**Exercise materials**
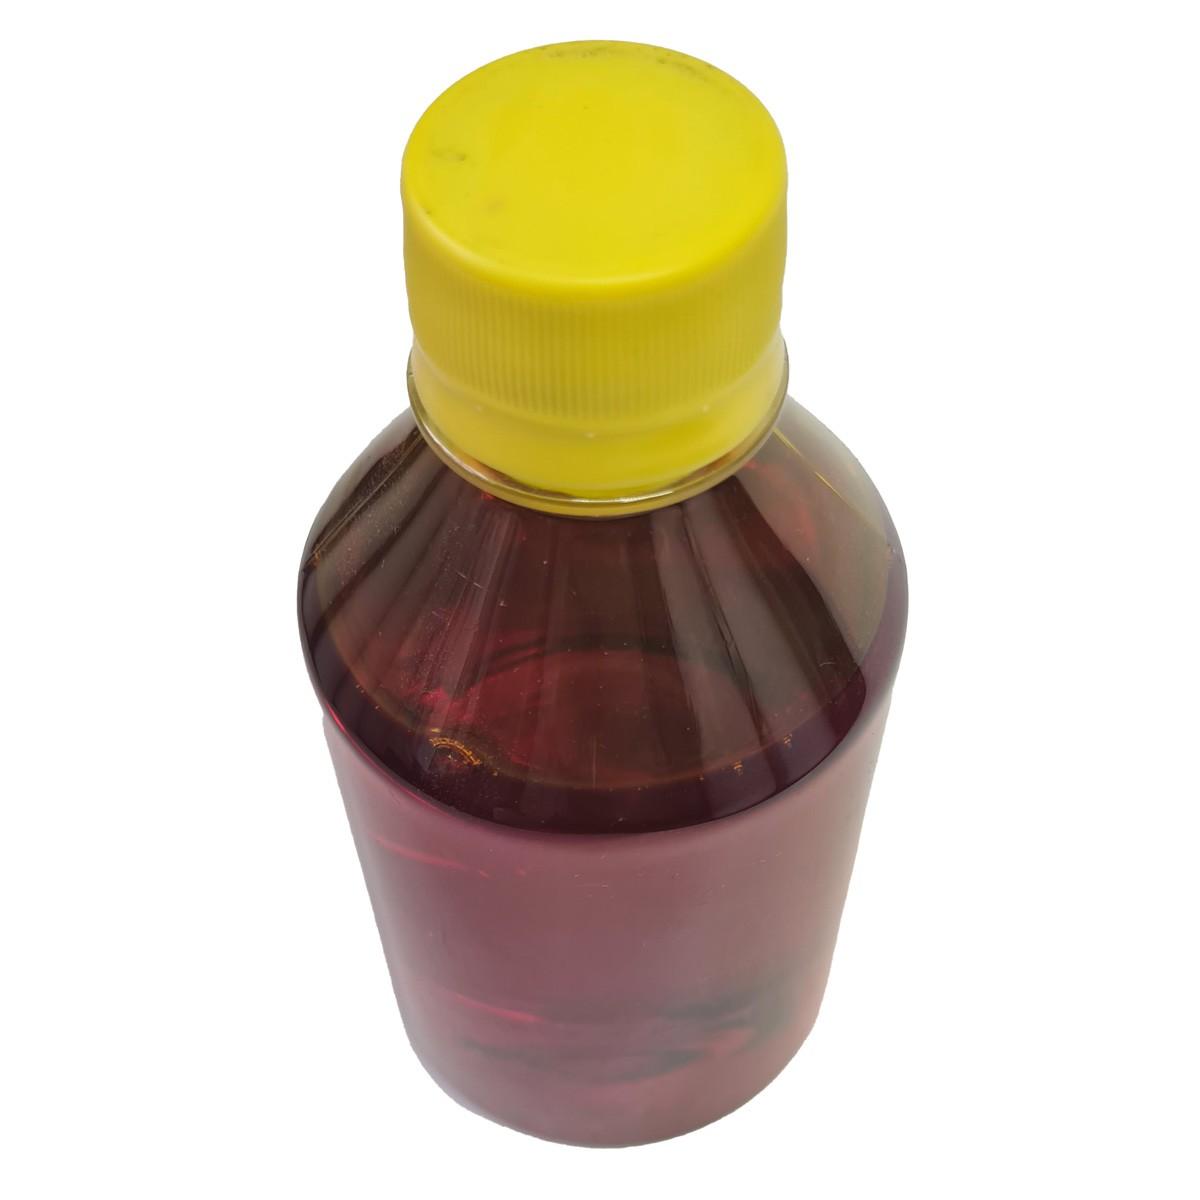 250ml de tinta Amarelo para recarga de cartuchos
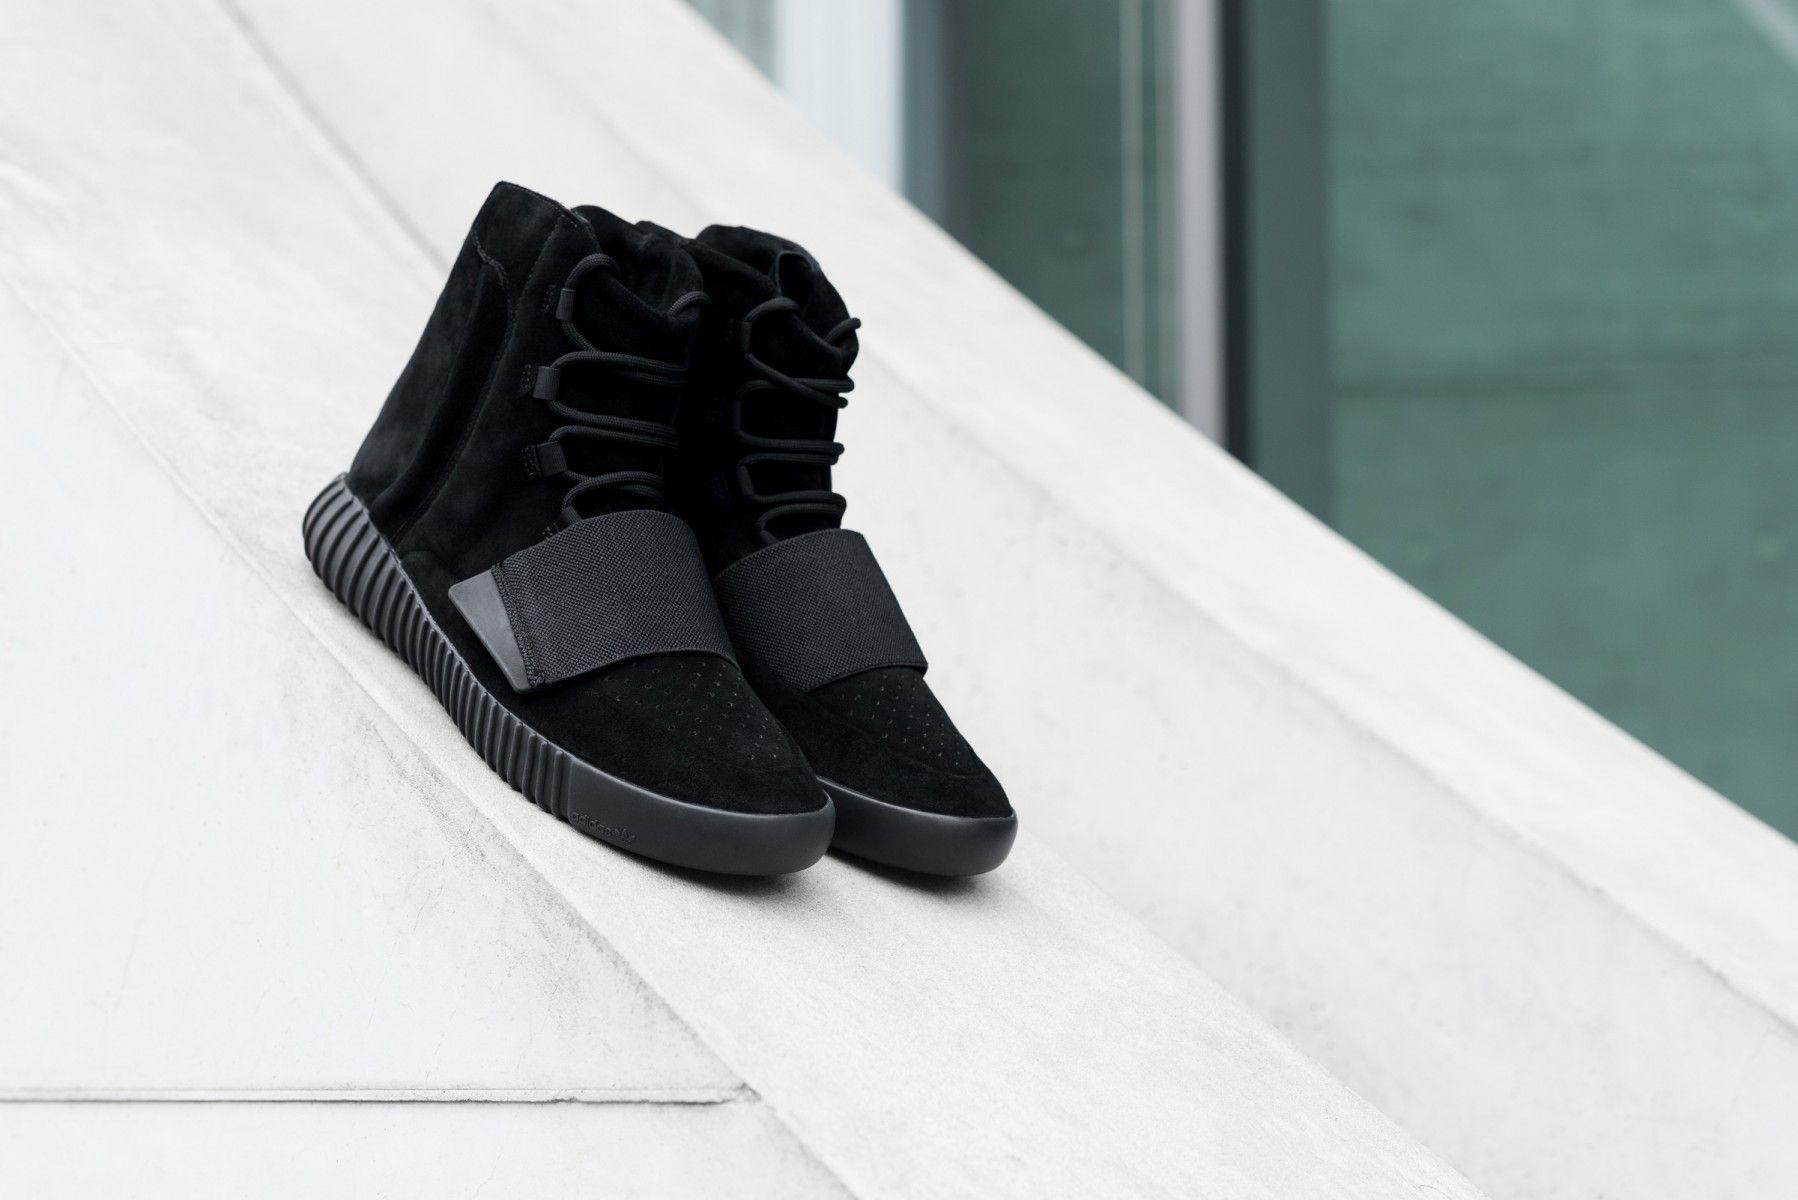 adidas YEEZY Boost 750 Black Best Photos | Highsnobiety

* * *

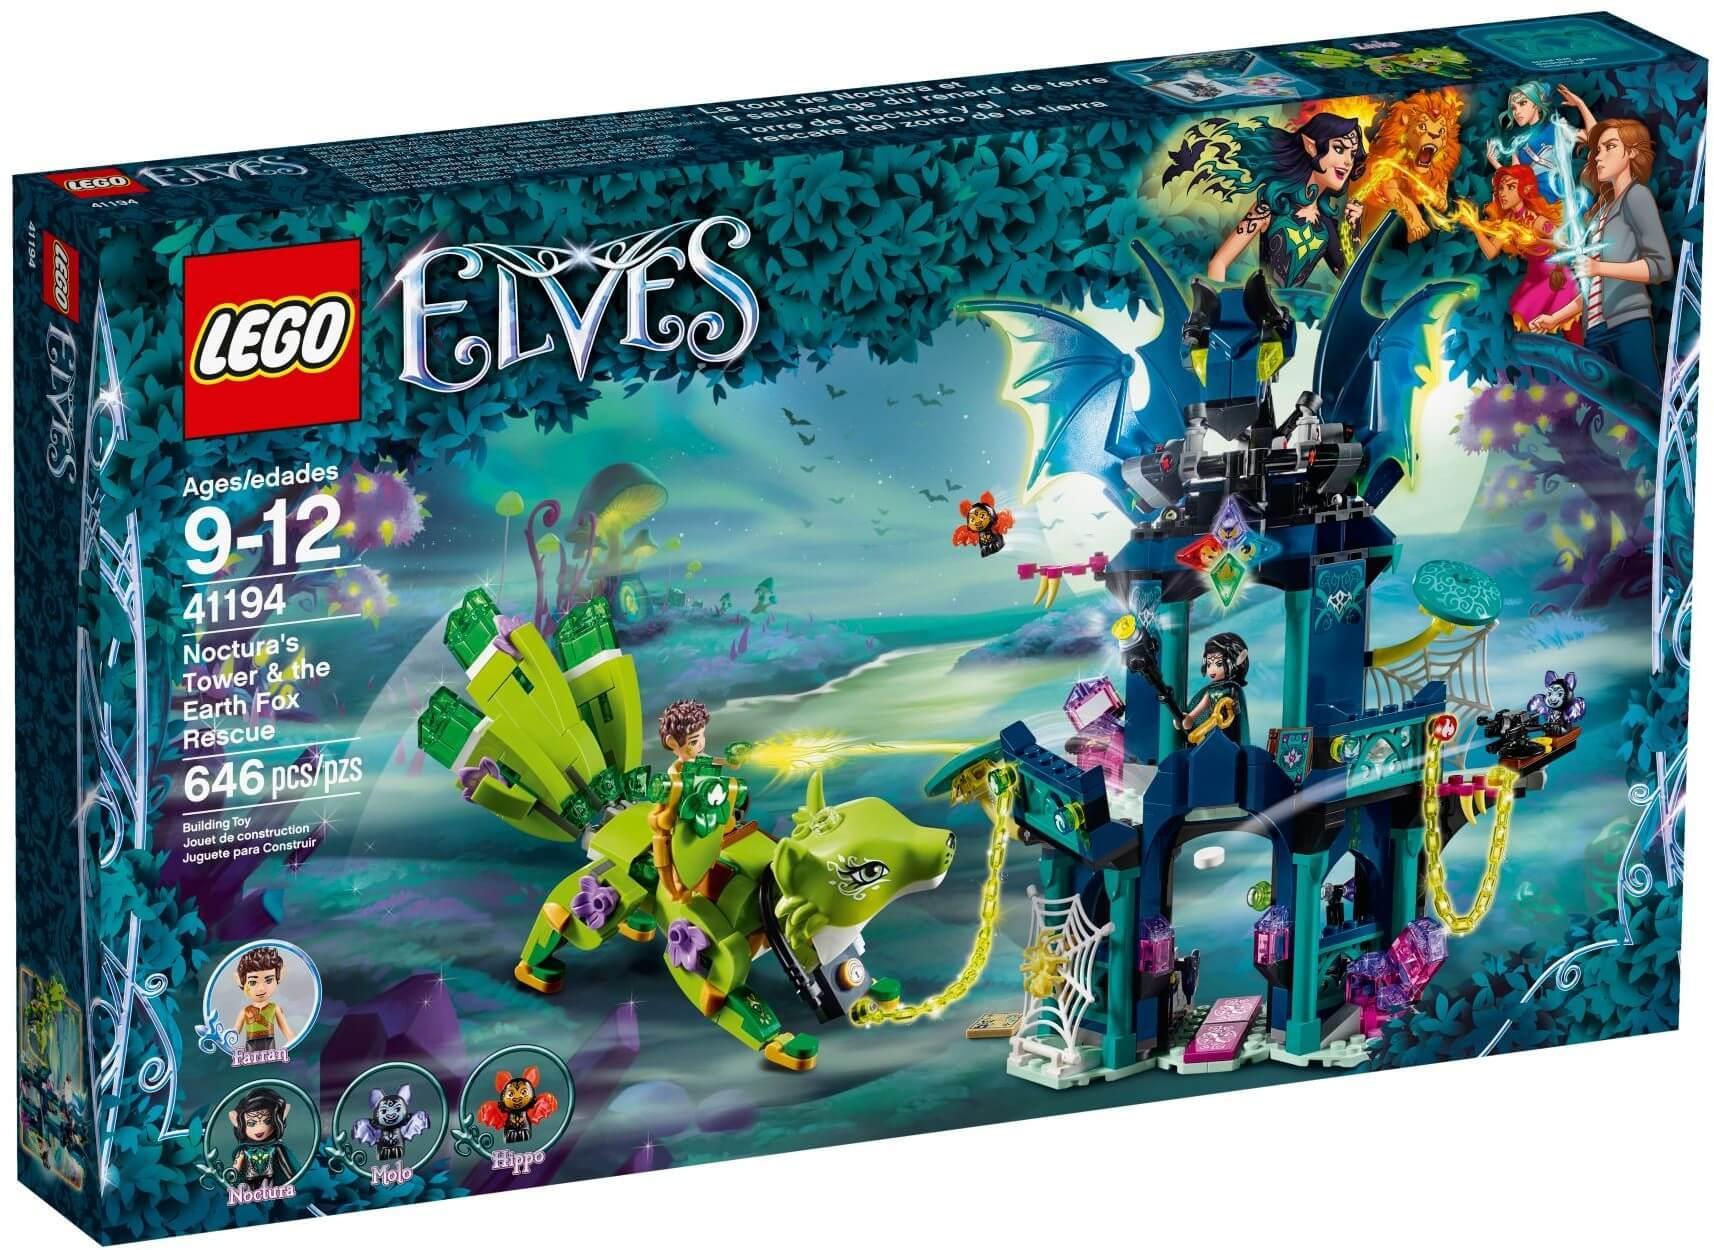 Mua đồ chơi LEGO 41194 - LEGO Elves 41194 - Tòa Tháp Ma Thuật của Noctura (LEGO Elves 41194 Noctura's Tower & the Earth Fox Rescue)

**Task brief**
Copy the lines above between the one holding "250ml de tinta" and the one holding "adidas YEEZY Boost", inclusive. Drop the pictures.

**Solution to this problem**
 250ml de tinta Amarelo para recarga de cartuchos
 adidas YEEZY Boost 750 Black Best Photos | Highsnobiety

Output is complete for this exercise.